The way it is currently coded defeats the purpose of multithreading: the thread's access to the global sum is essentially sequential. You'd be in a better shape if each thread computed - and returned - the sum over its own domain, and the main thread added the four returned sum to the grand total.
Would it be faster than the naive single-threaded summation? I don't know. Perhaps yes, perhaps no. The pattern of access to the array looks very cache-unfriendly, possibly incurring too many cache misses. You already have the profiling infrastucture in place, so go an extra mile and compare the implementations.
// Global mutex to guard the shared variable
std::mutex myMutex;
In general, prefer to put names inside namespace, local or class scope. Make a name global only if you really have to, because a bunch of poorly kept global names may cause subtle definition-related ambiguities, like odr violation.
constexpr long long FOURTH_PART = SIZE;
Concurrent execution efficiency is bounded by the number of hardware threads varying for different platforms. A program is less efficient when the number of program execution threads is greater than the number of available hardware threads due to the additional thread scheduling overhead. We should first obtain the optimal number of threads
unsigned int nthreads = std::thread::hardware_concurrency();
The result may be zero. In which case, I would either manually check the platform specific features, or simply assume the single threaded case.
Note that the program actually occupies five execution threads: one main and four summating threads.
Now the program is pretty useless because we have the hard-coded input data SIZE.
Otherwise, we would have to additionally define per-thread sizes of data chunks.
Types of myVector elements and sum mismatch.
Signed-to-unsigned conversion produces incorrect summation result for negative elements.
It is important to note because conversion is performed inside the function that is not responsible for the vector contents.
unsigned long long is pretty wordy.
std::size_t is the proper unsigned integer type used for indexing over containers because it represents any index value.

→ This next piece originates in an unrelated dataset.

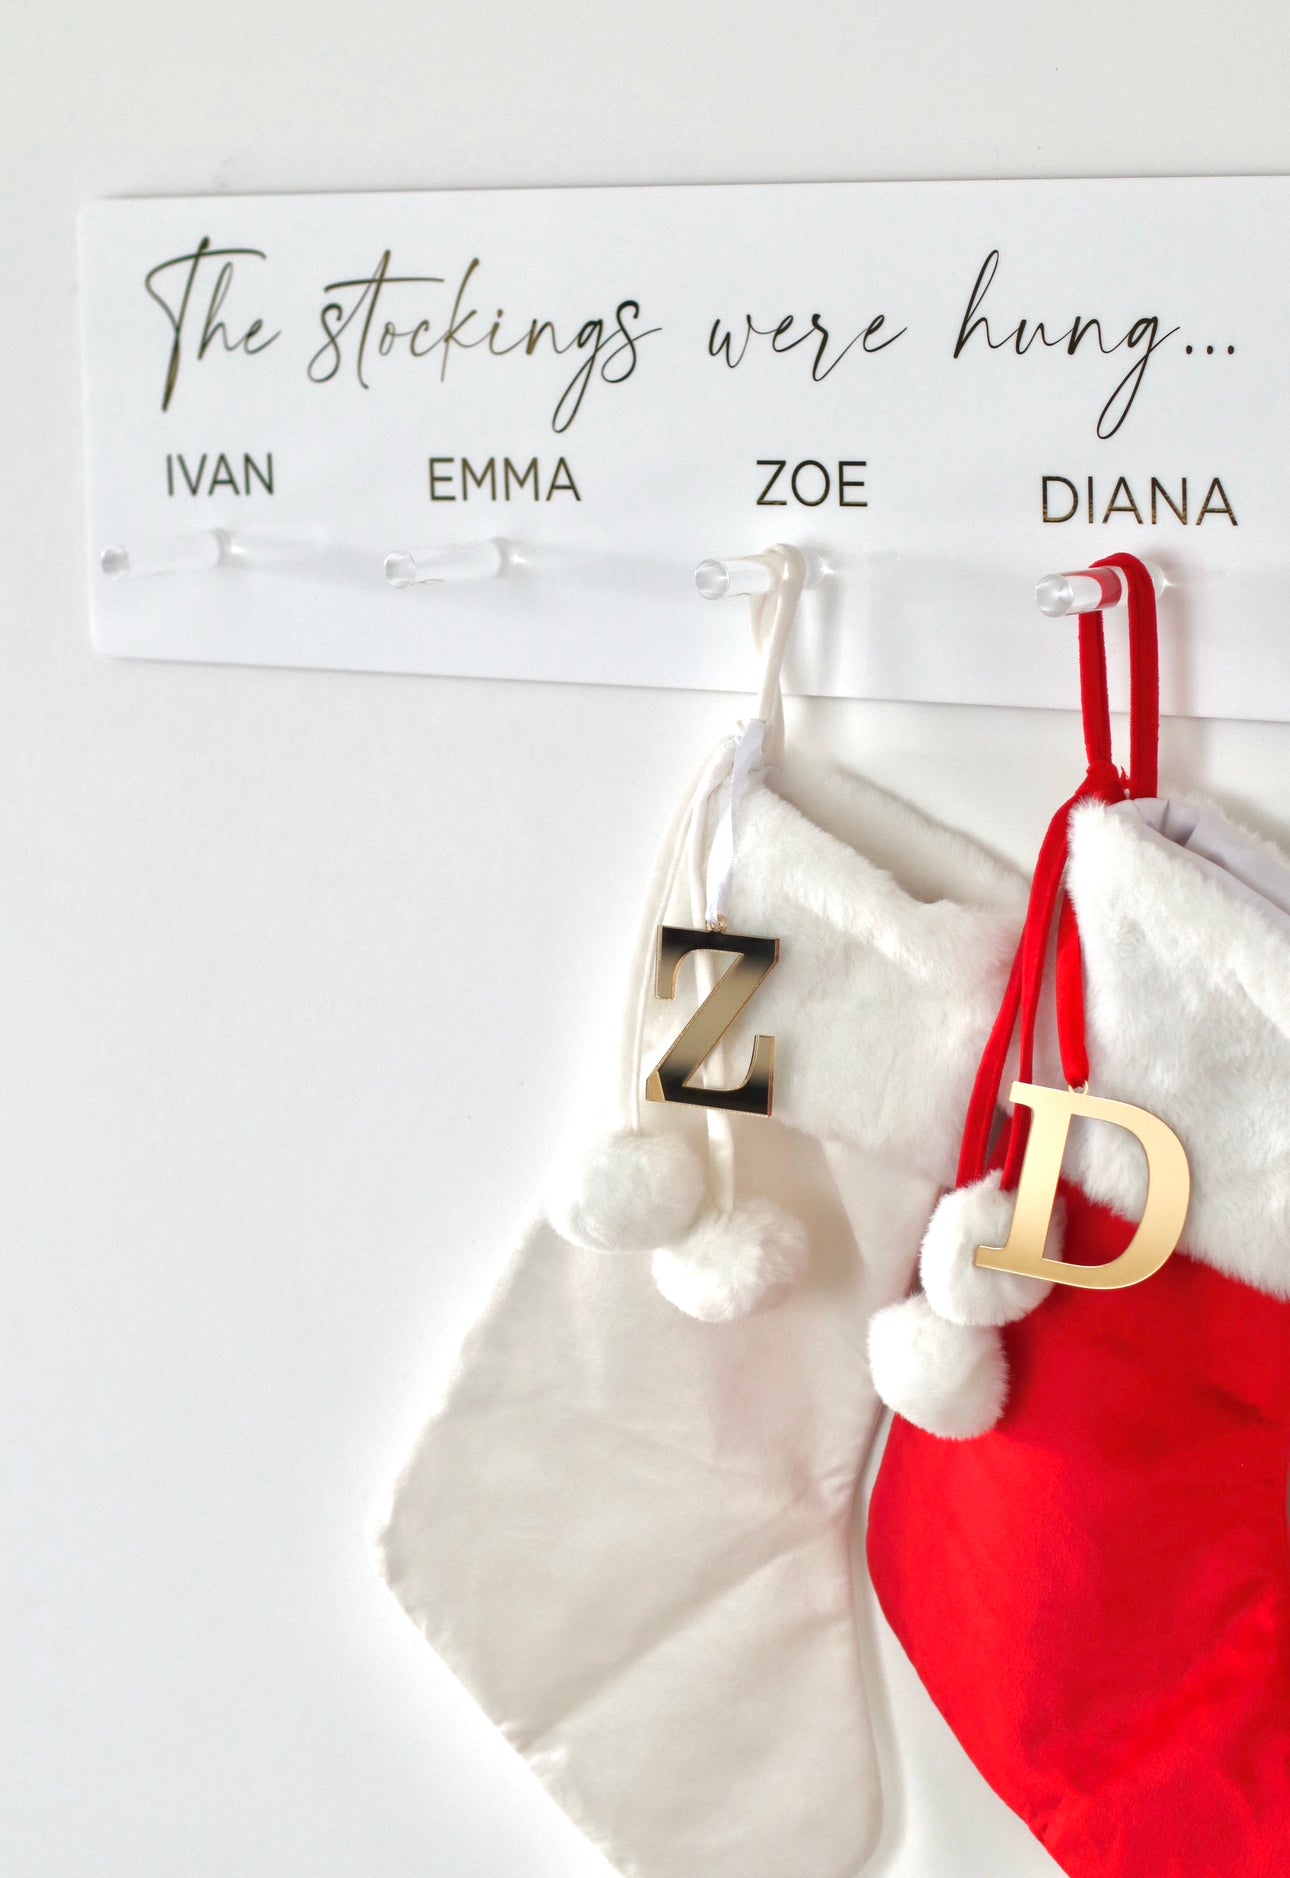 Velvet Personalised Christmas Stockings - Velvet stocking with plush white trim

We could also use other integral types as long as we could guarantee that all the used index values lay inside the types' domains.
A possible implementation may be like this
void findSum(std::vector<int>::const_iterator b,
std::vector<int>::const_iterator e,
long long& partialSum)
{
long long sum = 0;
for (; b != e; ++b)
sum += *b;
partialSum = sum;
}
long long sum(const std::vector<int>& v, const std::size_t minChunkSize = 1000)
{
const unsigned int nthreads = std::thread::hardware_concurrency();
std::vector<std::thread> threads;
std::vector<long long> partialSums;
partialSums.resize(nthreads); // a bit of redundancy for simplicity
std::size_t chunkSize = v.size() / (nthreads == 0 ? 1 : nthreads);
chunkSize = std::max(chunkSize, minChunkSize);
auto b = std::begin(v);
for (std::size_t size = 0, i = 0; size + chunkSize < v.size(); size += chunkSize) {
threads.push_back(std::thread{ findSum, b, b + chunkSize, std::ref(partialSums[i++]) });
b += chunkSize;
}
long long totalSum = 0;
findSum(b, std::end(v), totalSum); // use main thread too
for (std::thread& t : threads)
t.join();
for (long long ps : partialSums)
totalSum += ps;
return totalSum;
}
The chunk size may be chosen heuristically.